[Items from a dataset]
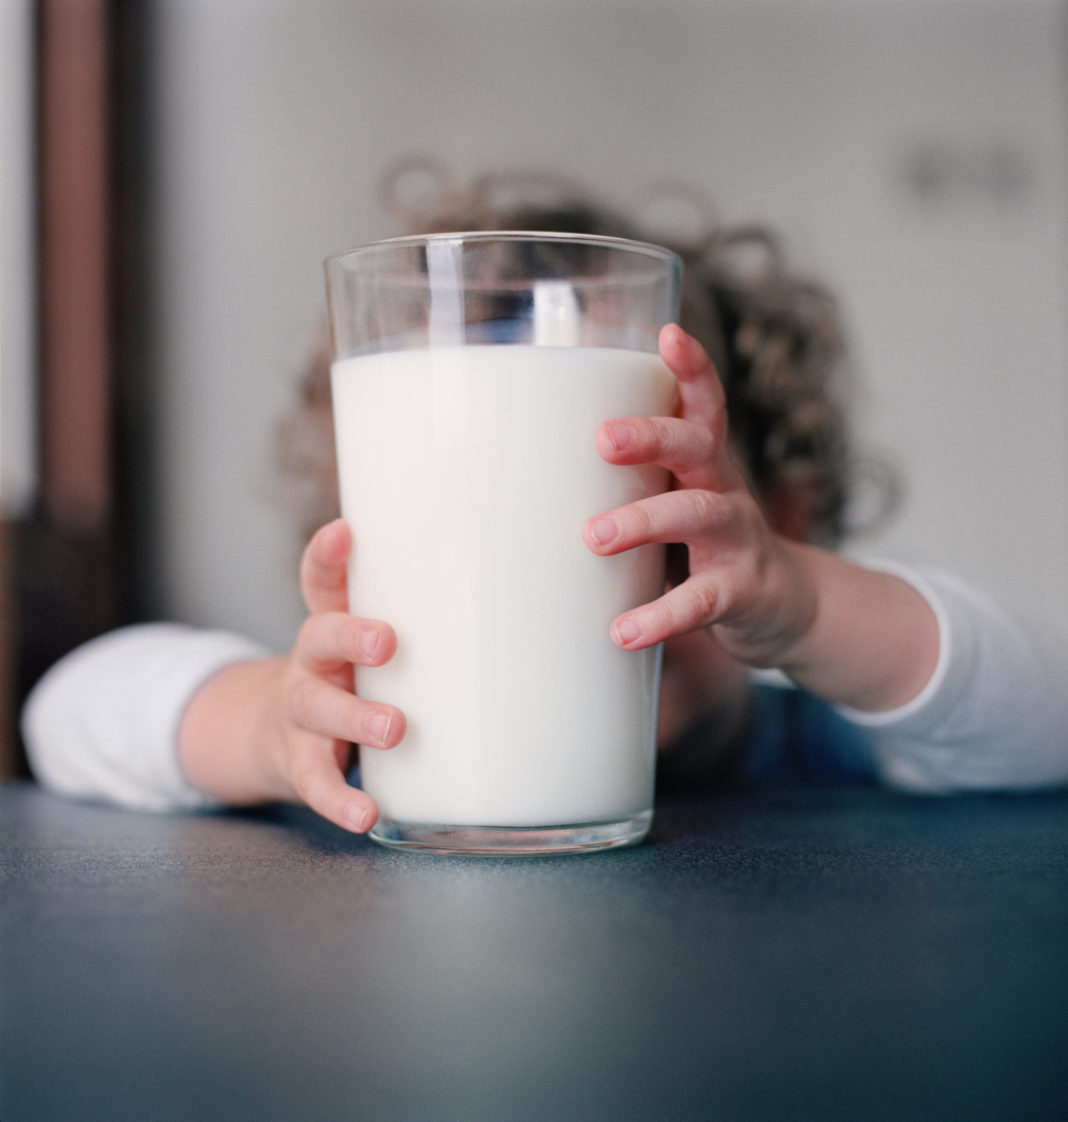 Ce spun experţii medicali despre laptele de vacă, recomandat pentru tratarea COVID-19
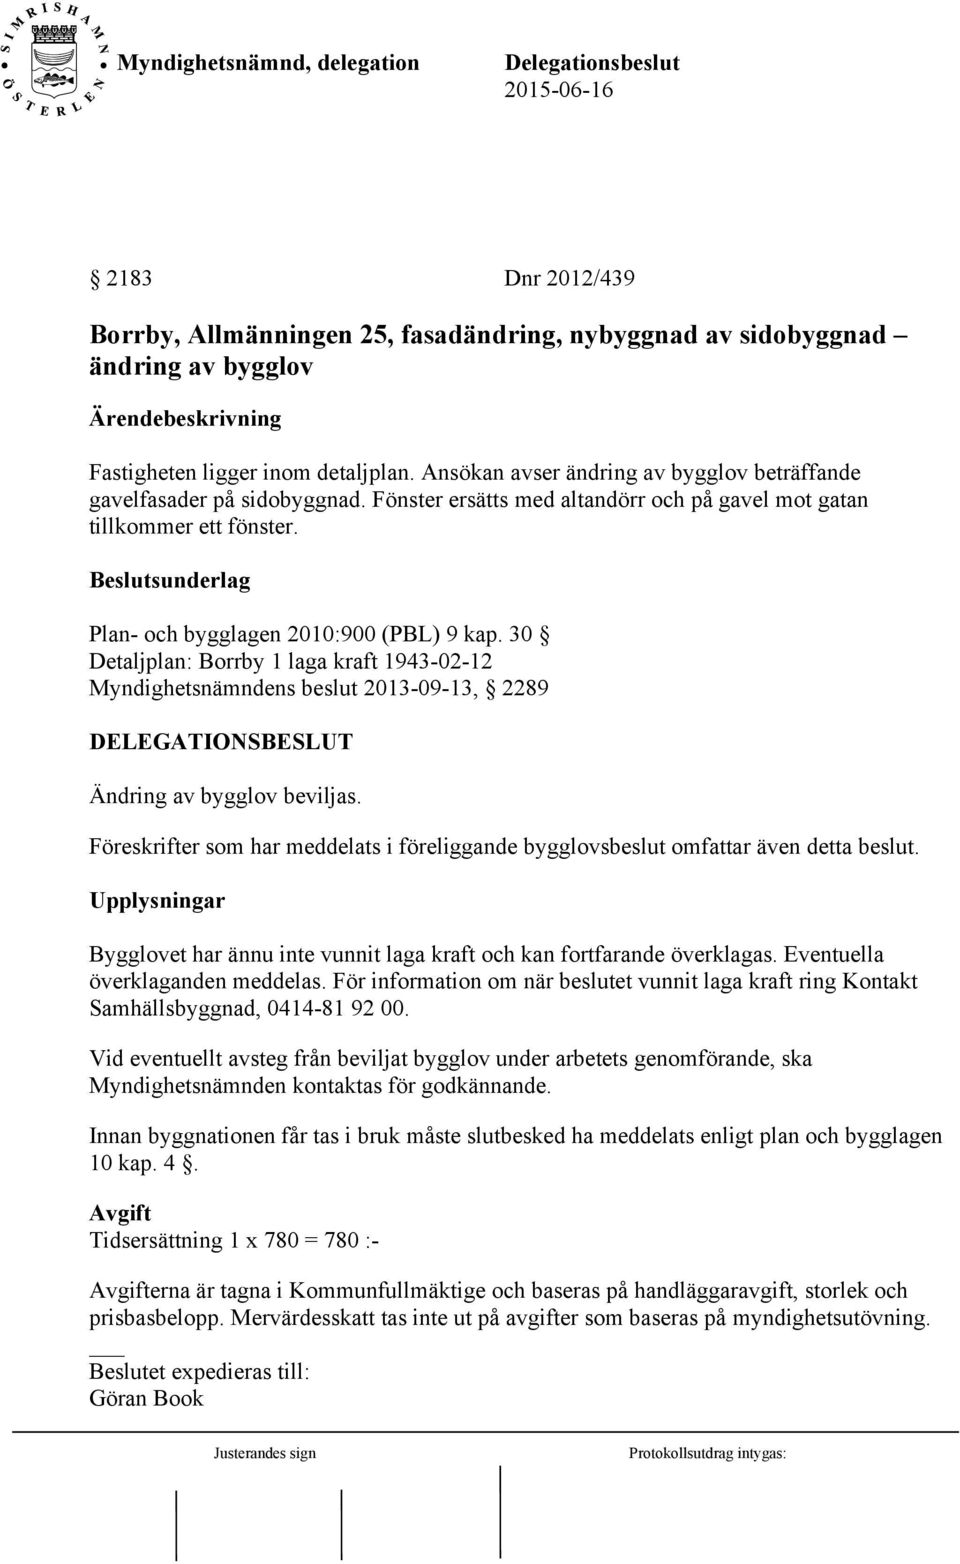 30 Detaljplan: Borrby 1 laga kraft 1943-02-12 Myndighetsnämndens beslut 2013-09-13, 2289 Ändring av bygglov beviljas.
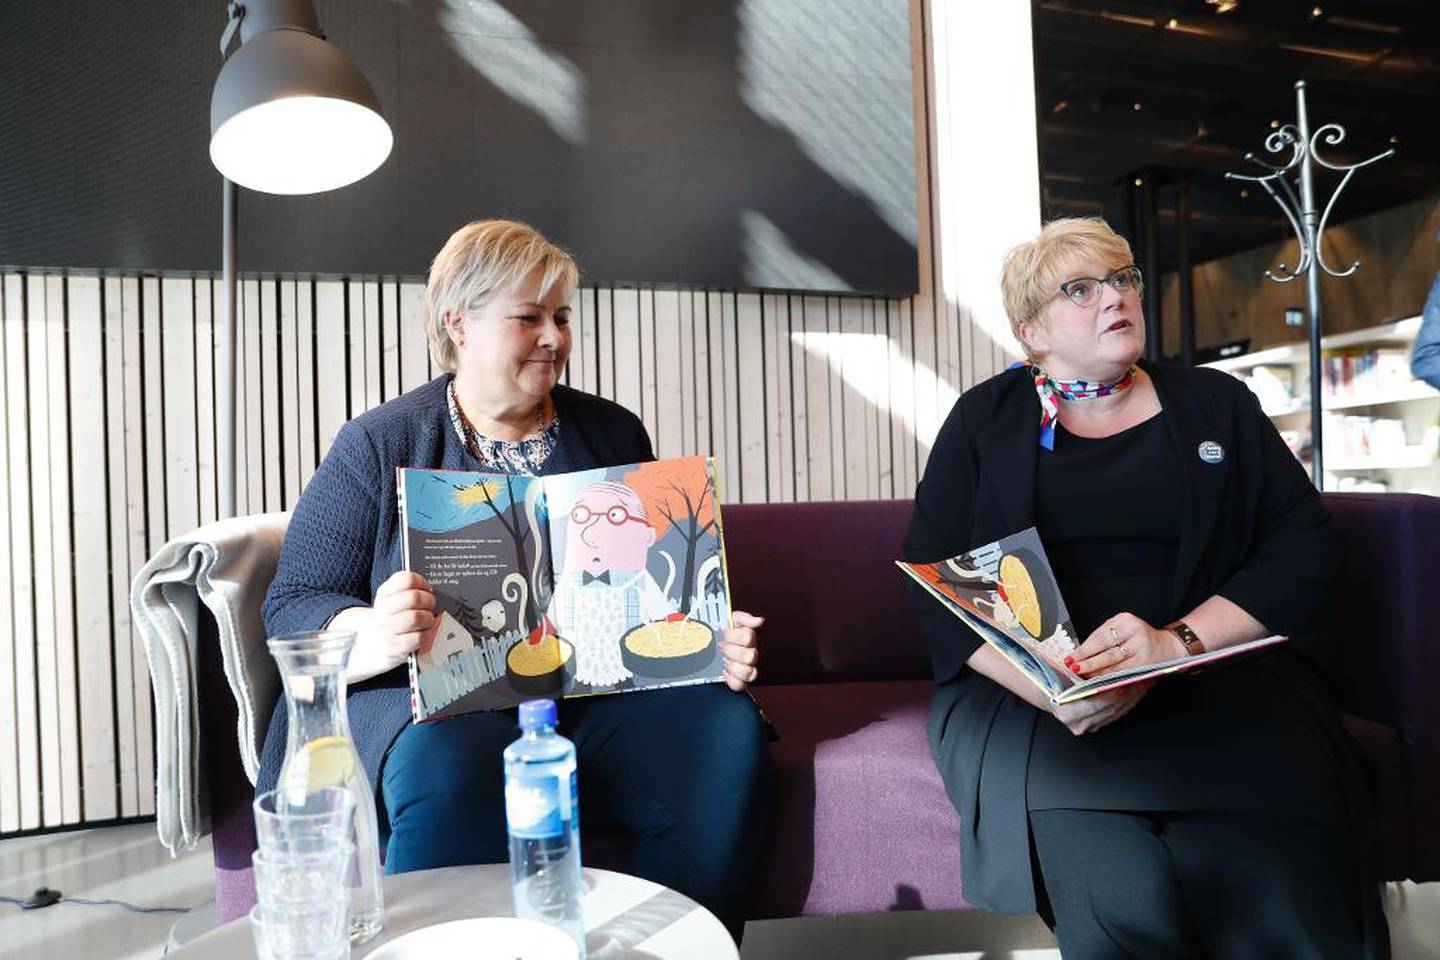 Lørdag møttes statsminister Erna Solberg og Venstre-leder Trine Skei Grande i Stjørdal. Glipper sperregrensen for Venstre, mister trolig Solberg statsministerjobben.
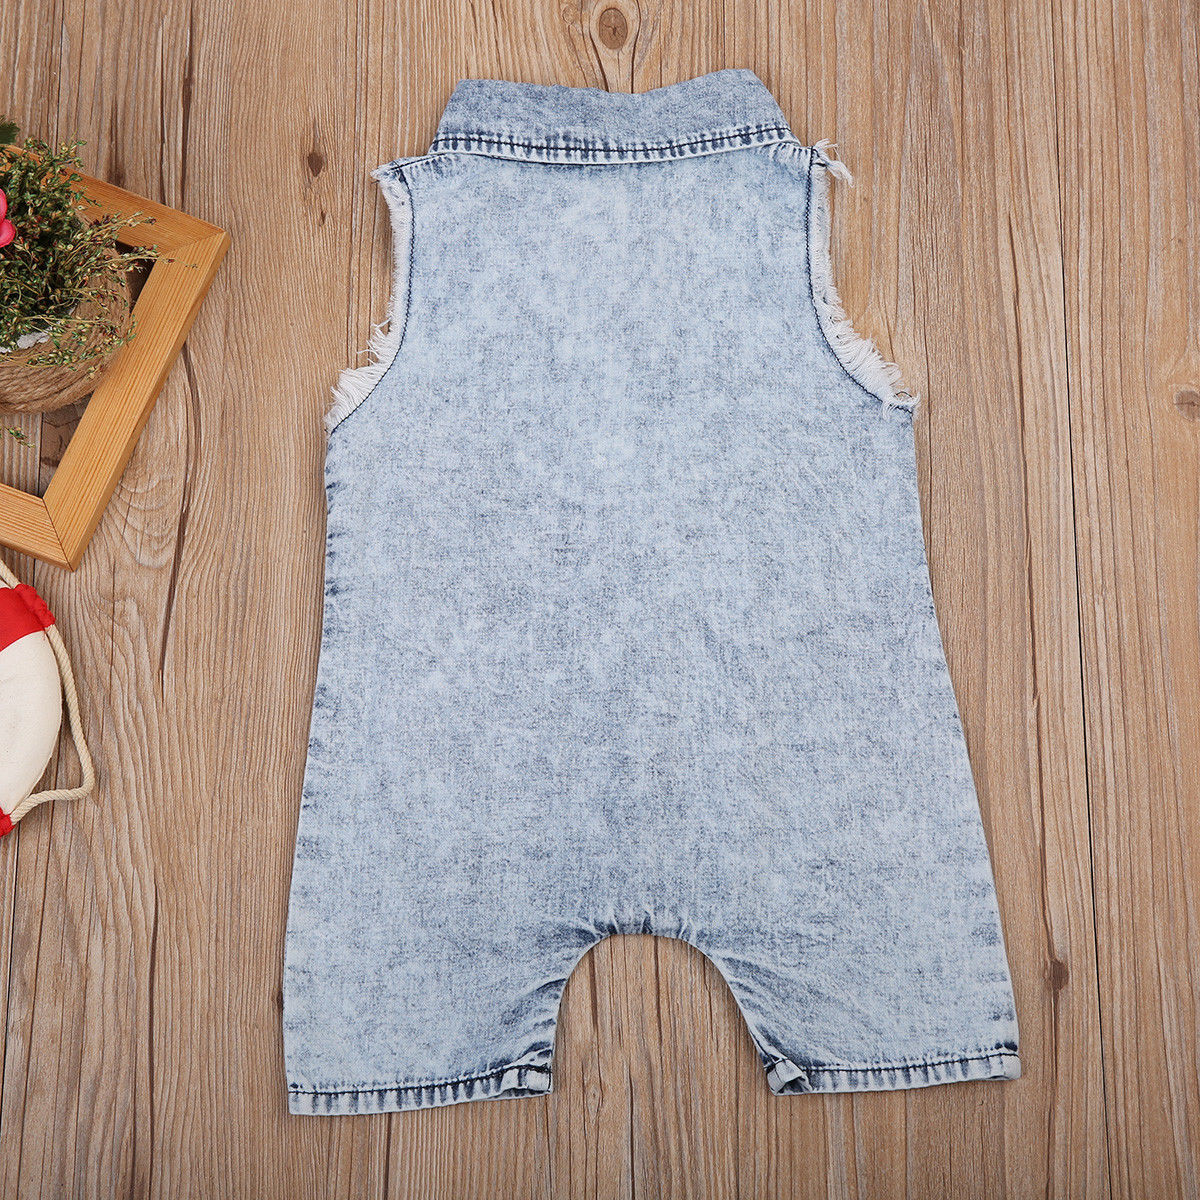 Denim Infant Jumpsuit Clothes
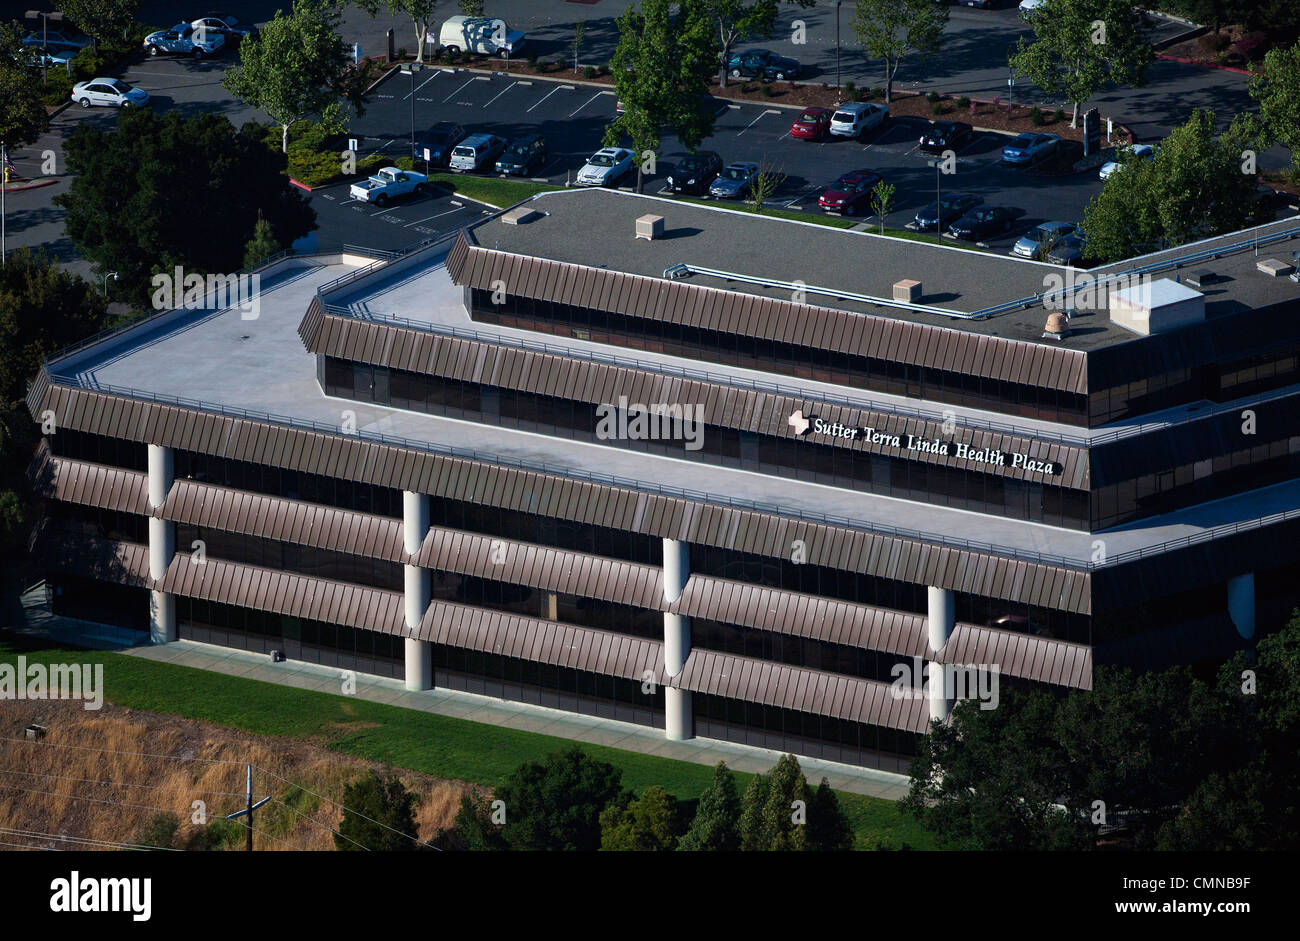 Luftaufnahme Sutter Terra Linda Gesundheit Plaza Krankenhaus Marin County, Kalifornien Stockfoto

WHAT IS BEING ASKED: When you copy the entries above, keep every word exactly and omit the images.

PROBLEM SOLUTION:
 Ce spun experţii medicali despre laptele de vacă, recomandat pentru tratarea COVID-19
 30 Detaljplan: Borrby 1 laga kraft 1943-02-12 Myndighetsnämndens beslut 2013-09-13, 2289 Ändring av bygglov beviljas.
 Lørdag møttes statsminister Erna Solberg og Venstre-leder Trine Skei Grande i Stjørdal. Glipper sperregrensen for Venstre, mister trolig Solberg statsministerjobben.
 Denim Infant Jumpsuit Clothes
 Luftaufnahme Sutter Terra Linda Gesundheit Plaza Krankenhaus Marin County, Kalifornien Stockfoto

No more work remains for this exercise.